Abstract: This application note, written by Maxim Integrated Products, presents the design of a GPS IF filter at 183.6MHz for use with the MAX2538. Simulated and measured response and performance data are provided. The filter has a second order Butterworth response with capacitor coupling. The insertion loss is 3.2dB. The GPS cascaded gain is 28.9dB, and the noise figure is 1.8dB.

General Description of MAX2538

The MAX2538 LNAs (low noise amplifiers) and mixers are optimized for CDMA (code division multiple access) applications in the cellular and PCS bands. The MAX2538 addresses triple-band, quad-mode applications by providing switched signal paths for AMPS, digital cellular, and digital PCS. The mixers provide switched IF ports that can be used interchangeably with either mixer input port. In addition, all versions in the family provide an LNA/Mixer/LO (local oscillator) path for GPS (global positioning system) down conversion.

## Objective

Design a second-order, 1kΩ, capacitor-coupled, Butterworth LC filter for a GPS IF at 183.6MHz to eliminate the use of an IF SAW filter. This solution saves cost and printed circuit board (PCB) area.

### Step 1:

For simplicity and design speed, filter design software is used. In this example, Filter Solutions 8.1* was used.

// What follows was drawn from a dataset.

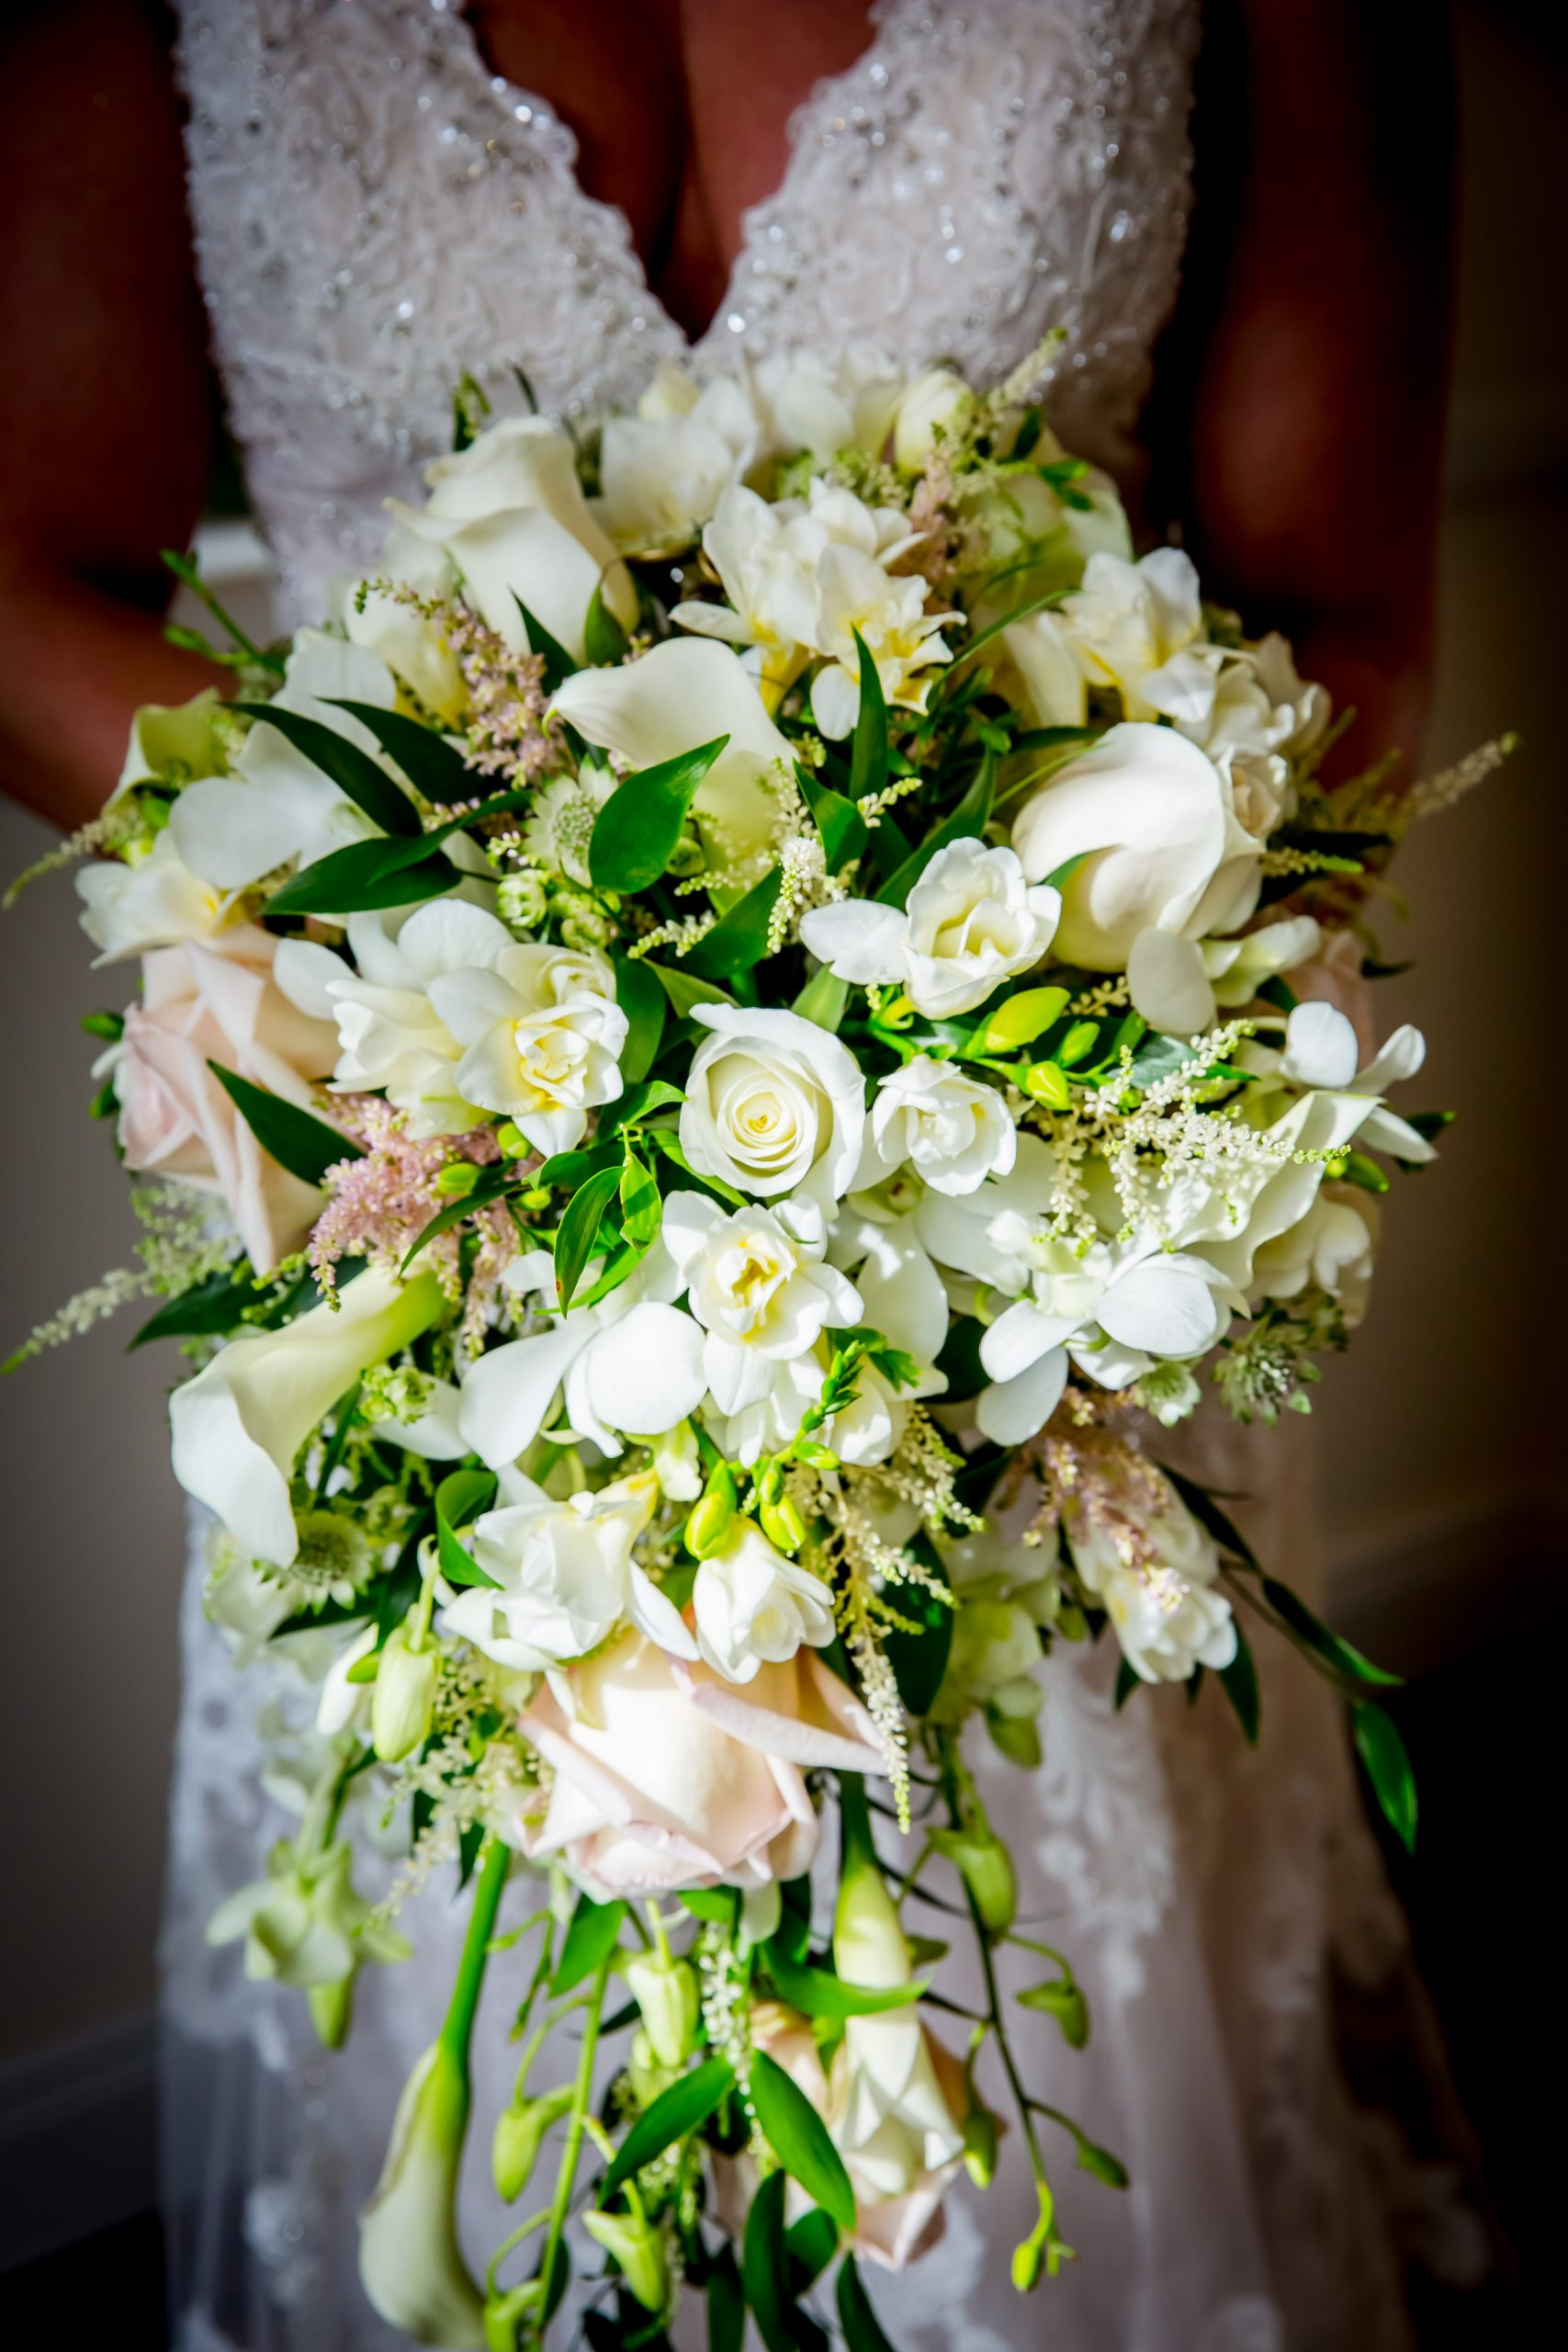 Victori_Rob_Mohawk River Country Club Wedding-20.jpg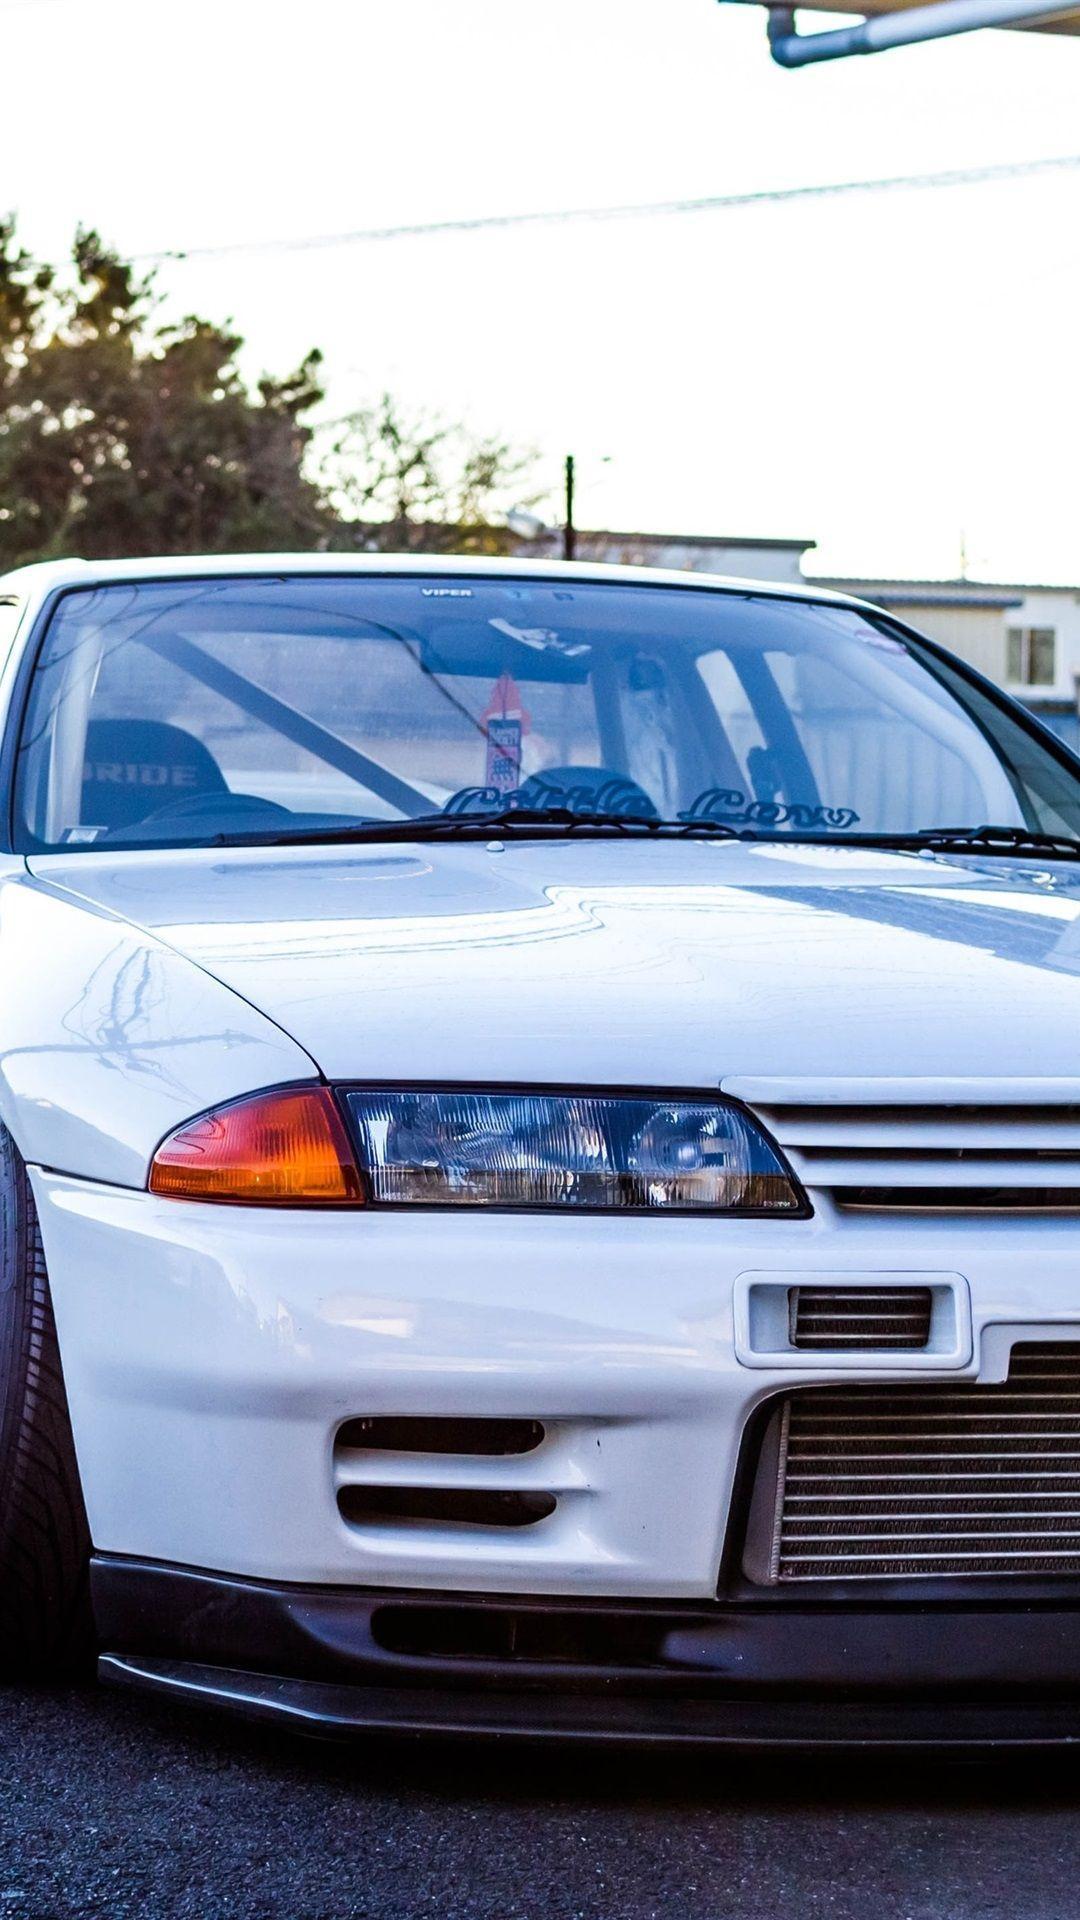 Nissan Gtr R32 Wallpapers Top Free Nissan Gtr R32 Backgrounds Wallpaperaccess

The Filter design parameters are:

2^{nd} order Bandpass Butterworth, capacitor-coupled filter

F_{C} = 183.6MHz

BW = 15MHz

Z_{IN} = Z_{OUT} = 1kΩ

Inductor Q = 35–50

Capacitor Q = 350–500

Figure 1.

The circuit below (Figure 2) and the frequency response (Figure 3) are the results obtained with Filter Solutions software. The light-blue, upper traces shown in Figure 3 are for a filter with lossless components. The red trace depicts the expected performance with lossy components.

Figure 2.

Figure 3.

Step 2:

Use the MAX2538 GPS Mixer model to design the matching network between the MAX2538 GPS differential mixer outputs (pin 20 and 21) and the 1kΩ IF filter.

Figure 4.

### Step 3:

Use a High Frequency Circuit Simulator to simulate the frequency response of the GPS IF filter matched to the GPS IF filter. Agilent ADS 2002 was used for this example. To reduce the number of passive components and reduce the insertion loss, integrate one resonant tank (the resonator on the input side) with the matching network required to match the mixer's output impedance to the 1kΩ filter.

Figure 5.

Figure 6 is the frequency response of the GPS IF Filter matched to the MAX2538 GPS Mixer.

Figure 6.

### Step 4:

After implementing the circuit obtained in Agilent ADS, the cascaded measurement of the MAX2538 from the GPS LNA input to the GPS IF filter output was performed.

Figure 7.

Test Conditions

V_{CC} = 2.85V

F_{RF} = 1575.42MHz, PINRF = -40dBm

IF= 183.6MHz

F_{LO} = 2087.73MHz, PINLO= -7dBm

GPS LNA gain = 17.5dB

GPS mixer gain = 10dB

GPS RF SAW filter loss = -1.8dB

The 1kΩ resistor at the output is used for measurement purposes only, since the output of the filter is 1kΩs. To calculate cascaded gain, add the measured gain to the attenuation introduced by the mismatch between 50Ωs and 1050Ωs.

Attenuation = 0.5 × |20log(50 / 1050)| = 13.22dB

Cascaded gain = measured gain + 0.5 × |20log(50 / 1050)| from LNA input to 1kΩ output (GPS IF output).

Cascaded gain = 15.7dB + 13.22dB = 28.9dB

Cascaded gain = LNA gain + RF filter loss + mixer gain + IF filter loss = 28.9dB

Discrete GPS IF filter loss = +28.9dB - 17.5dB + 1.8dB - 10.0dB = 3.2dB

Cascaded NF is measured from LNA input to 1kΩ output (GPS IF output).

Cascaded NF = 1.8dB

## Component values used in the IF section:

C1 = 1.6pF ±0.1pFGRM36COG1R6B050 Murata (0402)

C2 = 1.1pF ±0.1pFGRM36COG1R1B050 Murata (0402)

C3 = 11pF ±0.1pFGJ61555C1H110JB01B Murata (0402)

L1, L2 = 100nH0603CS-R10XJB CoilCraft (0603)

L3 = 56nH ±5%0603CS-56NXJB CoilCraft (0603)

R1 = 5.6kΩ ±1%

*FilterSolutions by Nuhertz Technologies, L.L.C., www.nuhertz.com.